6.2    Fiduciary Duties. Notwithstanding anything in this Agreement to the contrary: (a) Stockholder makes no agreement or understanding herein in any capacity other than in Stockholder’s capacity as a record holder and beneficial owner of Company Securities, and (b) nothing herein will be construed to limit or affect any action or inaction by Stockholder or any Representative of Stockholder, as applicable, serving on the Company Board of Directors or as an officer or fiduciary of the Company, acting in such person’s capacity as a director, officer or fiduciary of the Company.

6.3    Expenses. Each of the parties hereto shall pay its own expenses incurred in connection with this Agreement. Each of the parties hereto warrants and covenants to the others that it will bear all claims for brokerage fees attributable to action taken by it.

6.4    Binding Effect. This Agreement shall be binding upon and inure to the benefit of and be enforceable by the parties hereto and their respective representatives and permitted successors and assigns.

6.5    Entire Agreement. This Agreement contains the entire understanding of the parties and supersedes all prior agreements and understandings between the parties with respect to its subject matter. This Agreement may be amended only by a written instrument duly executed by the parties hereto.

6.6    Headings. The headings contained in this Agreement are for reference purposes only and shall not affect in any way the meaning or interpretation of this Agreement.

6.7    Assignment. Without limitation of Section 1.1, this Agreement shall be binding upon and inure to the benefit of the parties named herein and their respective successors and permitted assigns. No party may assign either this Agreement or any of its rights, interests, or obligations hereunder without the prior written approval of the other parties; provided, however, that each of Parent and Purchaser may freely assign its rights to another direct or indirect wholly owned subsidiary of Parent or Purchaser without such prior written approval but no such assignment shall relieve Parent or Purchaser of any of its obligations hereunder. Any purported assignment requiring consent without such consent shall be void.

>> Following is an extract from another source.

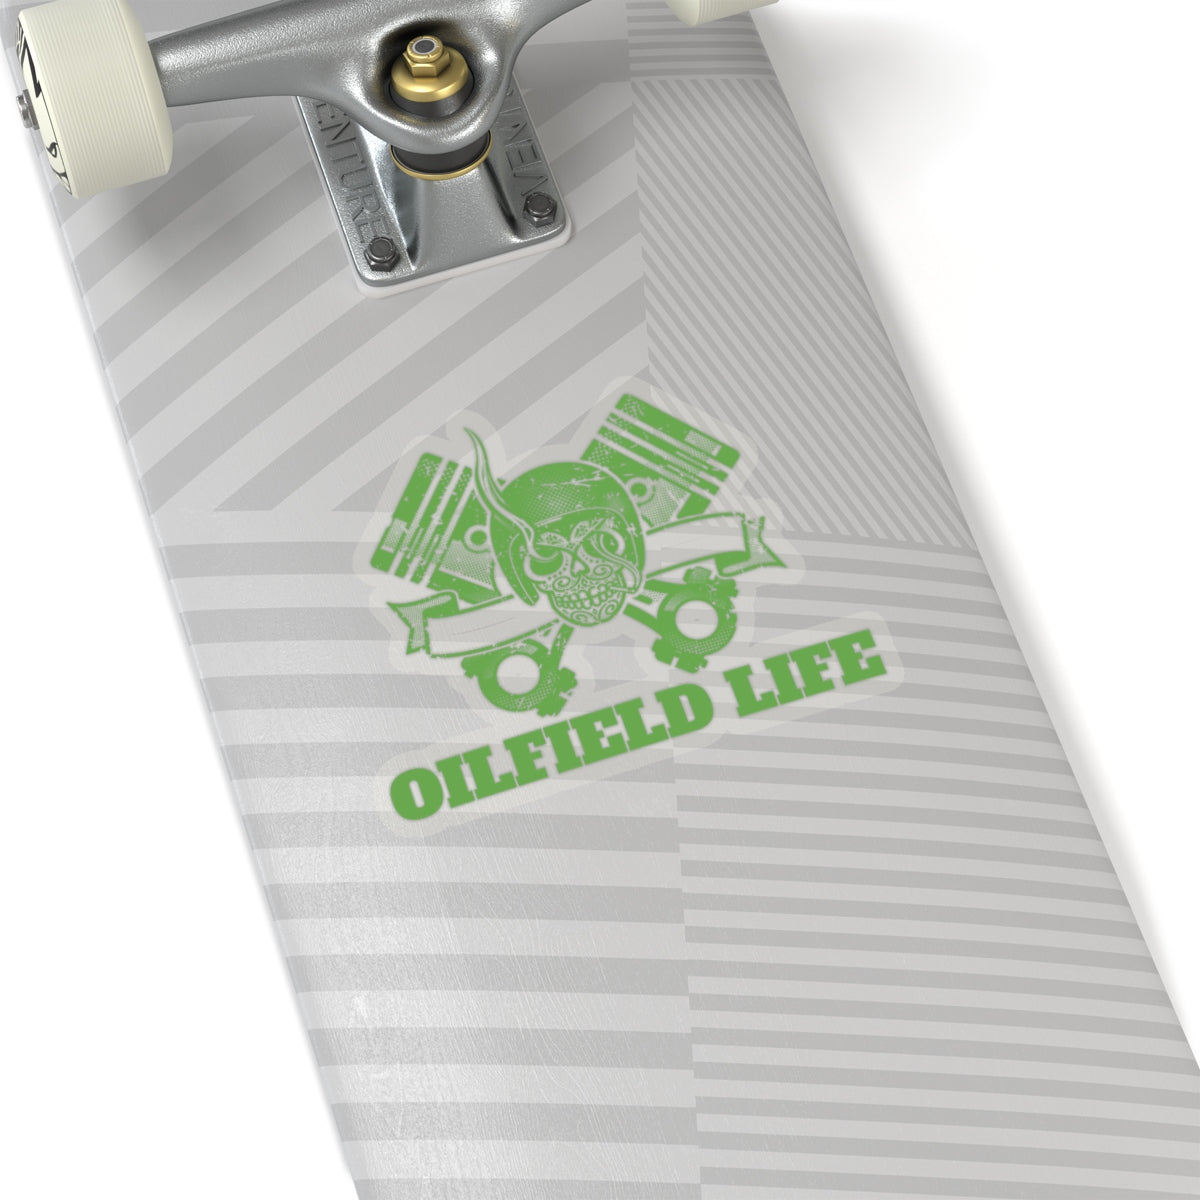 Oilfield Life Skull Sticker

6.8    Counterparts. This Agreement may be executed in one or more counterparts, each of which shall be an original, but each of which together shall constitute one and the same Agreement.

6.9    Notices. Any notice or other communication required or permitted hereunder shall be in writing and shall be deemed given when delivered in person, by overnight courier or by electronic mail (with receipt confirmed by telephone), or two business days after being sent by registered or certified mail (postage prepaid, return receipt requested), as follows:


(a)    If to Parent or Purchaser, to:

MACOM Technology Solutions Holdings, Inc.

100 Chelmsford Street

Lowell, Massachusetts 01851

Attn: Clay Simpson

Email: [email protected]

Telephone:    (978) 656-2500

with a copy to:

Ropes & Gray LLP

Prudential Tower

800 Boylston Street

Boston, Massachusetts 02199

Attn: Marko Zatylny

Email:[email protected]

Telephone:    (617) 951-7000

(b)    If to Stockholder, to the addresses indicated on Schedule I hereto.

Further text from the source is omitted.